Mirrors C++ Node::get_state: returns the stored value if there is an exact key at pos, otherwise 0. This means mutations are point events — a mutation at position 100 does NOT carry its state forward to position 101 or beyond.
A vertex in the ARG. Leaf nodes (samples) have time = 0; internal nodes have time > 0 (in coalescent units); the root sentinel has time = inf, index = -1.
Identity semantics. Node uses Python object identity for equality and hashing (__eq__ is self is other, __hash__ returns id(self)). This mirrors the C++ implementation where nodes are compared by pointer.
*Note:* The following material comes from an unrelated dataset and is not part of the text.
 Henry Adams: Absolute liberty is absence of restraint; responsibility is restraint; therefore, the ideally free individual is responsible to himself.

It means two Node objects with identical fields are still considered different – what matters is the object itself, not its contents.
Allele states. Each node stores a SortedDict mapping genomic position \(\to\) allele state (0 = ancestral, 1 = derived). A sentinel at position \(-1\) with state 0 ensures lookups before the first real site always return 0. get_state(pos) returns an exact-match lookup (mutations are point events, not intervals).
Branch
- class pysinger.data.branch.Branch(lower_node: 'Node' | None = None, upper_node: 'Node' | None = None)[source]
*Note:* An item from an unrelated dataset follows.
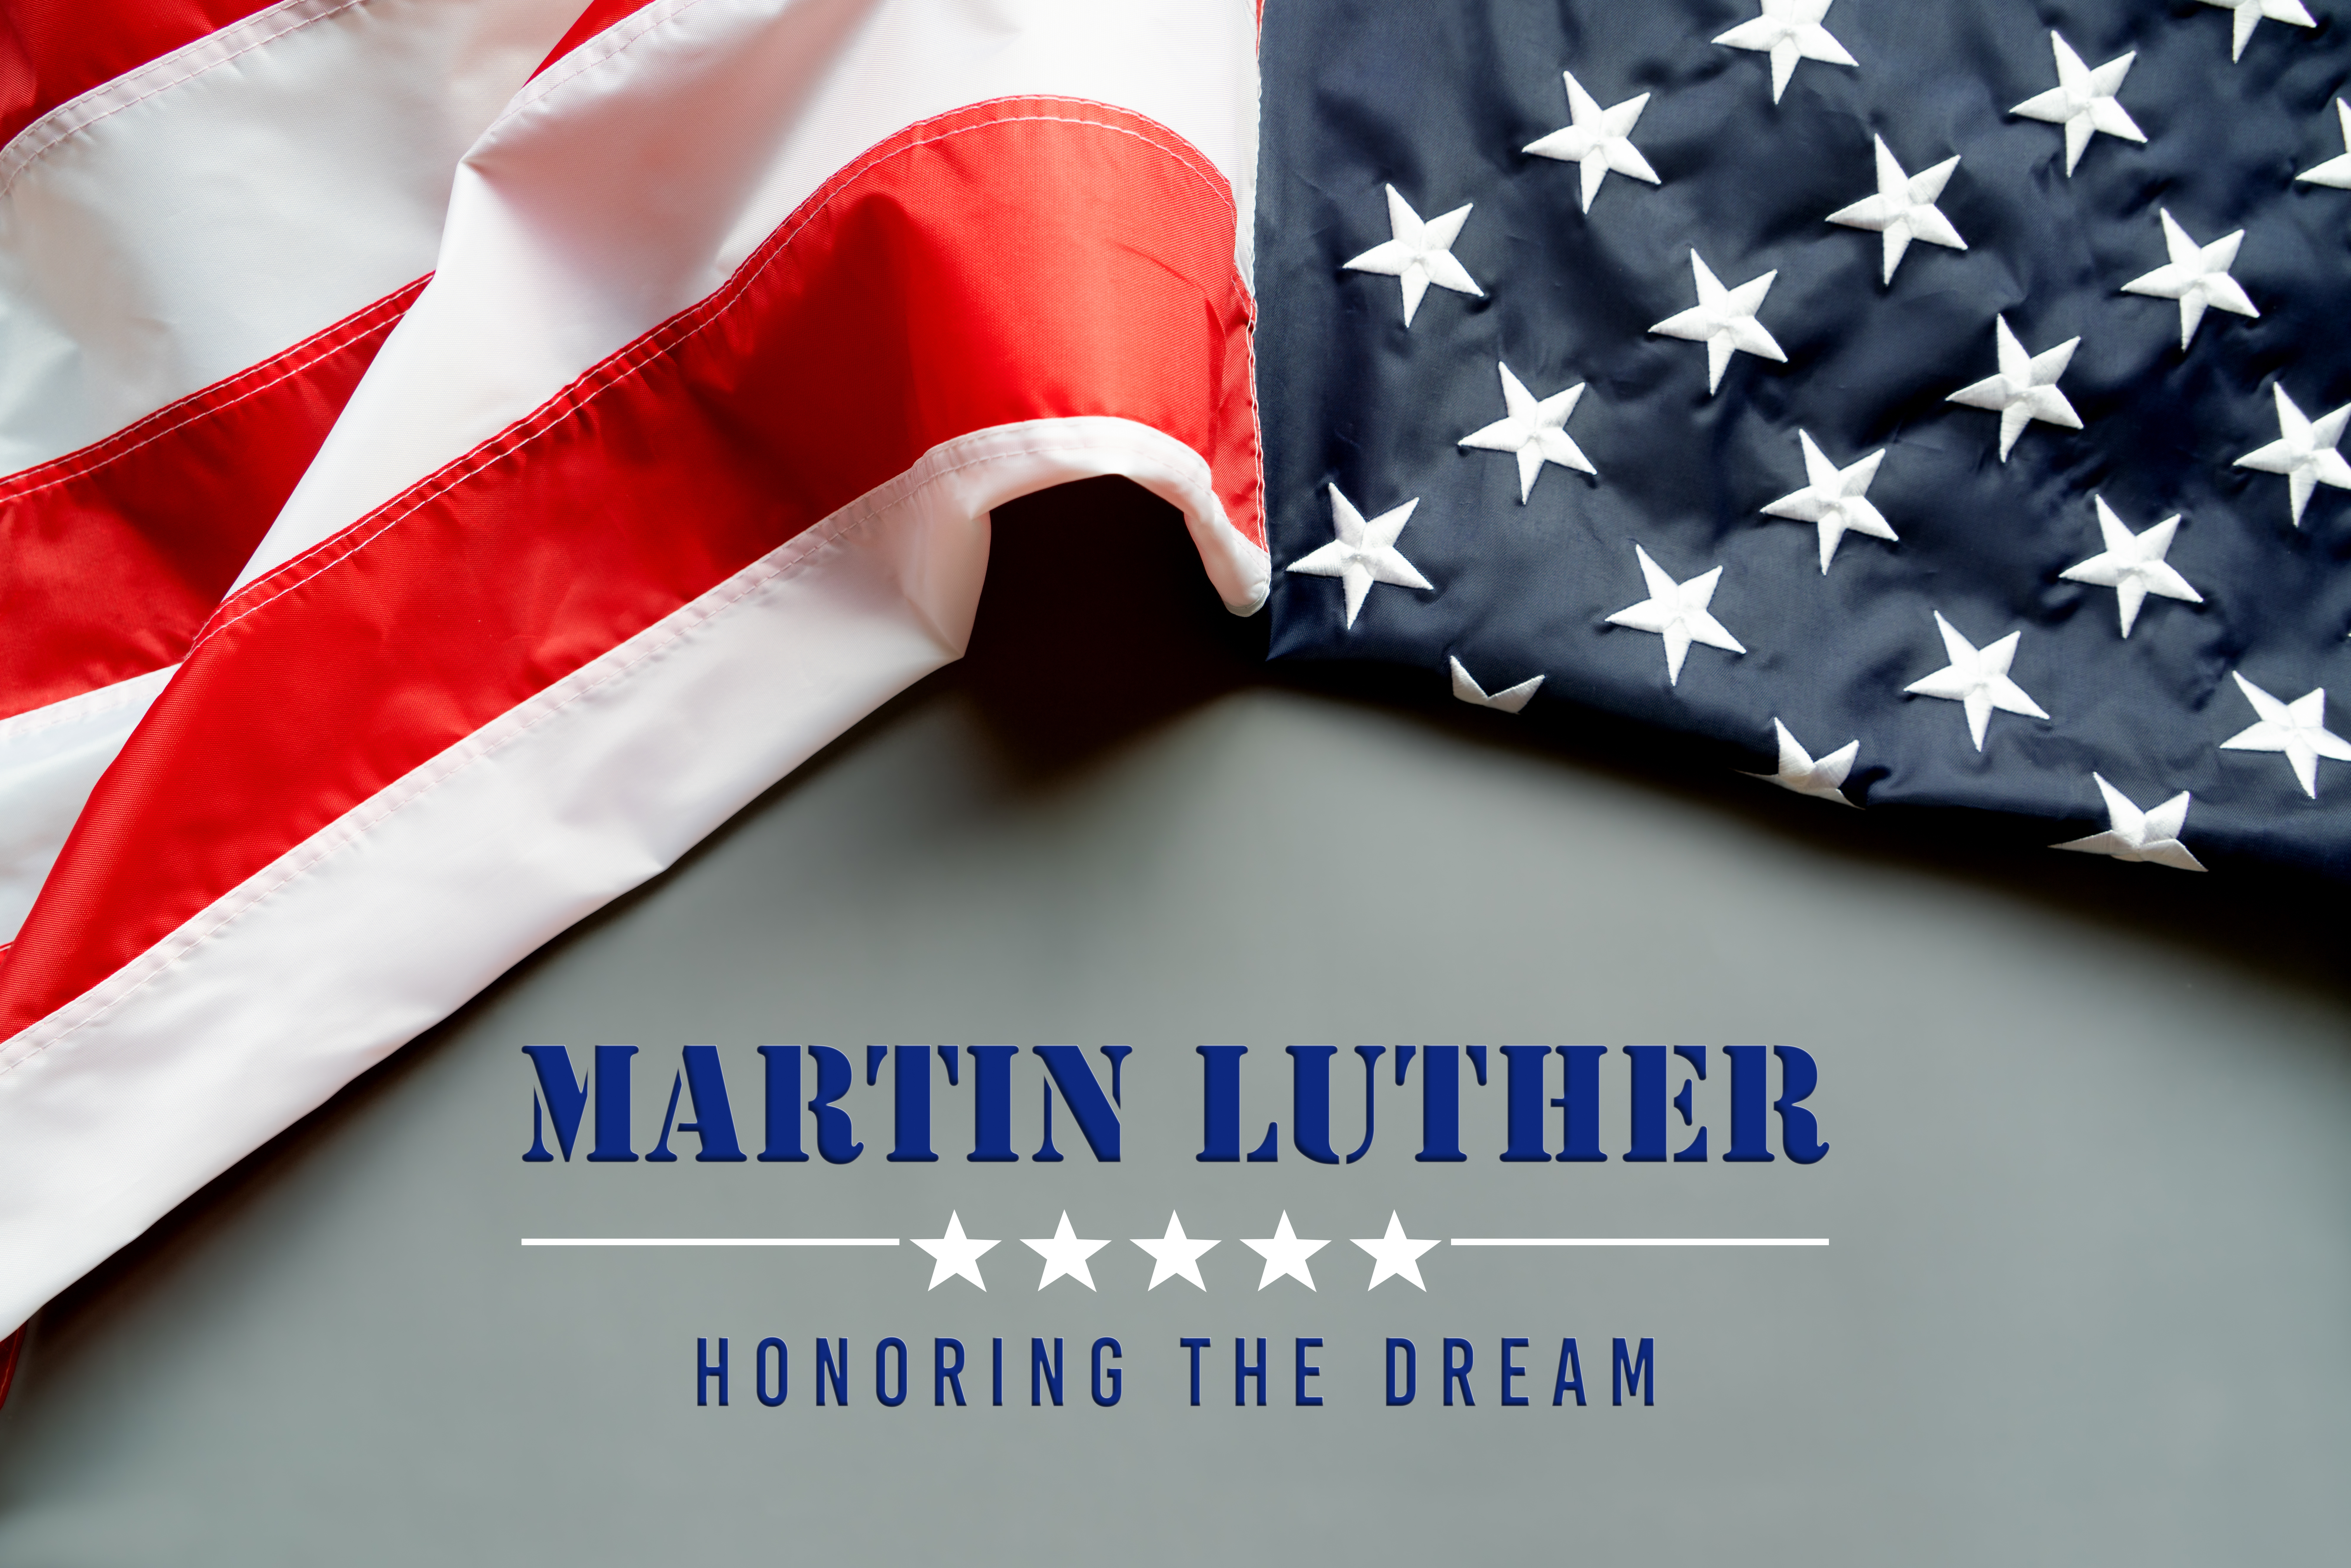 Honor Martin Luther King, Jr. day, January 16th

Directed edge (lower_node, upper_node) in the ARG.
Invariant: lower_node.time <= upper_node.time (except for the null branch where both are None).
Hashability: based on Python object identity of the two node pointers, exactly as the C++ branch_hash struct.
- property length: float
Branch length in time units. Returns inf for branches to root.
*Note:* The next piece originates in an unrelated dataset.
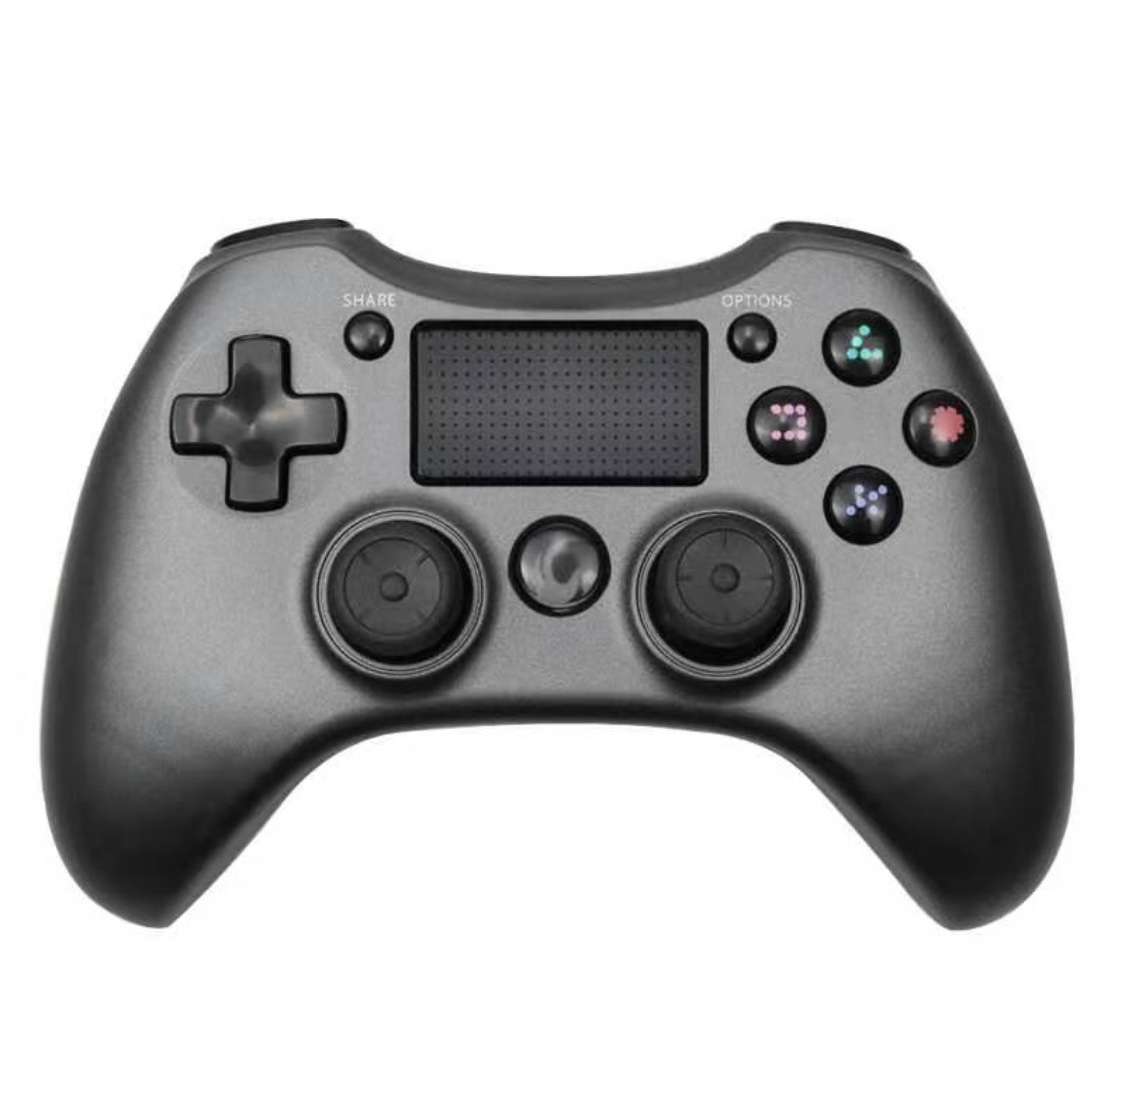 is garrys mod ps4 controller compatable

A directed edge (lower_node, upper_node) with lower_node.time <= upper_node.time. Branches are immutable after construction (__setattr__ raises). Equality and hashing are based on node identity (not node field values), matching the C++ branch_hash struct.
The null branch (Branch()) has both nodes as None and is used as a sentinel throughout the codebase (e.g., to mark the end of a removed lineage). bool(branch) returns False for null branches.
Tree
- class pysinger.data.tree.Tree[source]
Marginal coalescent tree at one genomic position.
- parents
- Type:
child → parent mapping (all non-root nodes present as keys).
- add(added_branch: Branch, joining_branch: Branch, cut_node: 'Node' | None) None[source]
Insert added_branch joining at joining_branch.
Mirrors Tree::add.
- backward_update(r: Recombination) None[source]
Undo recombination r moving left along the genome.
- find_joining_branch(removed_branch: Branch) Branch[source]
Return Branch(sibling, grandparent) for the removed branch.
Mirrors Tree::find_joining_branch.
- find_sibling(n: Node) 'Node' | None[source]
Return the sibling of n (the other child of n’s parent).
- forward_update(r: Recombination) None[source]
Apply recombination r moving right along the genome.
- internal_backward_update(r: Recombination, cut_time: float) None[source]
backward_update restricted to branches with upper_node.time > cut_time.
- internal_forward_update(r: Recombination, cut_time: float) None[source]
forward_update restricted to branches with upper_node.time > cut_time.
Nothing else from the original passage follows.